Final answer:
Whether the claim that the mean annual income is greater in county A than in county B is supported depends on the results of statistical hypothesis testing. Although we cannot provide a definitive answer without specific data, the analysis typically involves setting up hypotheses, choosing a test statistic, and calculating a p-value. The choice of mean or median as a better measure depends on the presence of outliers in the data.
Step-by-step explanation:
To assess the claim that the mean annual income is greater in county A than in county B, statistical analysis can be performed using the sample means and standard deviations.
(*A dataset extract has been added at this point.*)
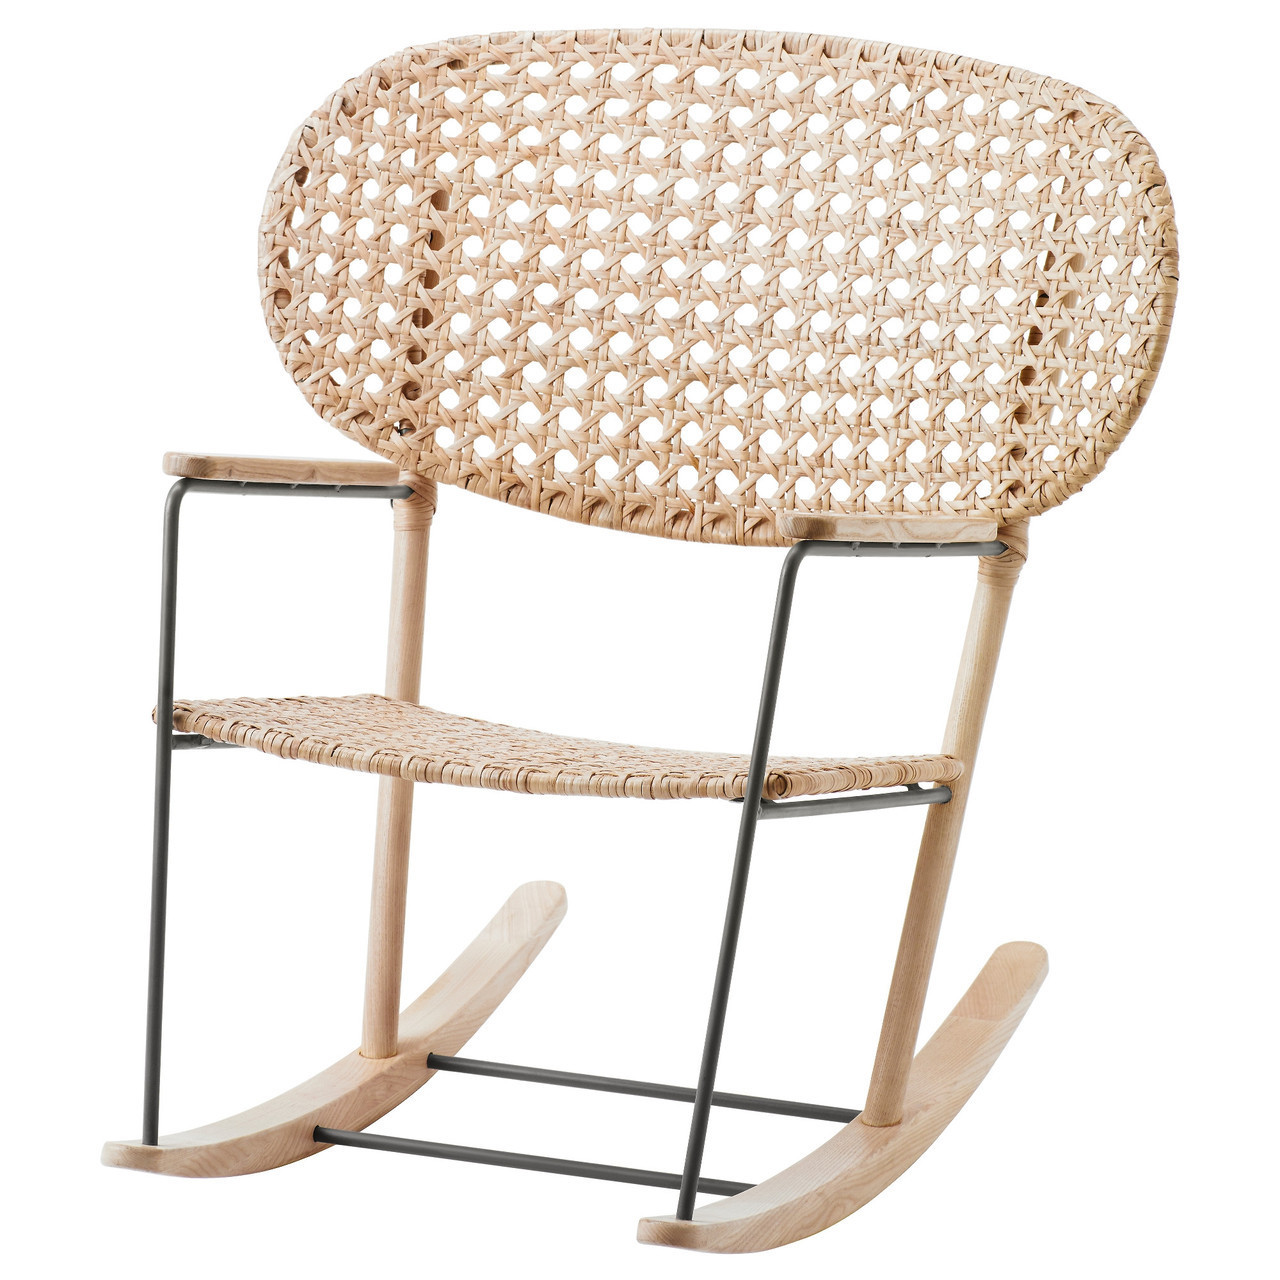 GRÖNADAL Кресло-качалка детское, серый, натуральный 903.200.97

Since we do not have specific numerical values, we cannot directly affirm or refute the claim here. However, if one were to conduct a hypothesis test, they would typically set up null and alternative hypotheses, choose an appropriate test statistic (e.g., the t-test for means), and then calculate the probability (p-value) to determine if there is a statistically significant difference in the means of the two counties.
In general, it is indeed possible for the standard deviation to be greater than the average in distributions where there is a wide spread of data. The likelihood that the average salary falls within a certain range depends on the standard deviation, so if it's narrower (smaller standard deviation), it's more likely that the average would fall within a close range to the mean. Regarding the example of Company A and Company B, a hypothesis test analyzing the sample means and standard deviations might support the claim if the calculated p-value is less than the chosen significance level.
For the normal distribution example with a claim that the mean is greater than 12, a sample mean of 12.5 with a sample size of 36 could support this claim if the test statistic falls in the critical region of the chosen significance level.
The better measure of the center (mean or median) in a town with one high earner and many lower earners would likely be the median because it is not as sensitive to outliers as the mean is.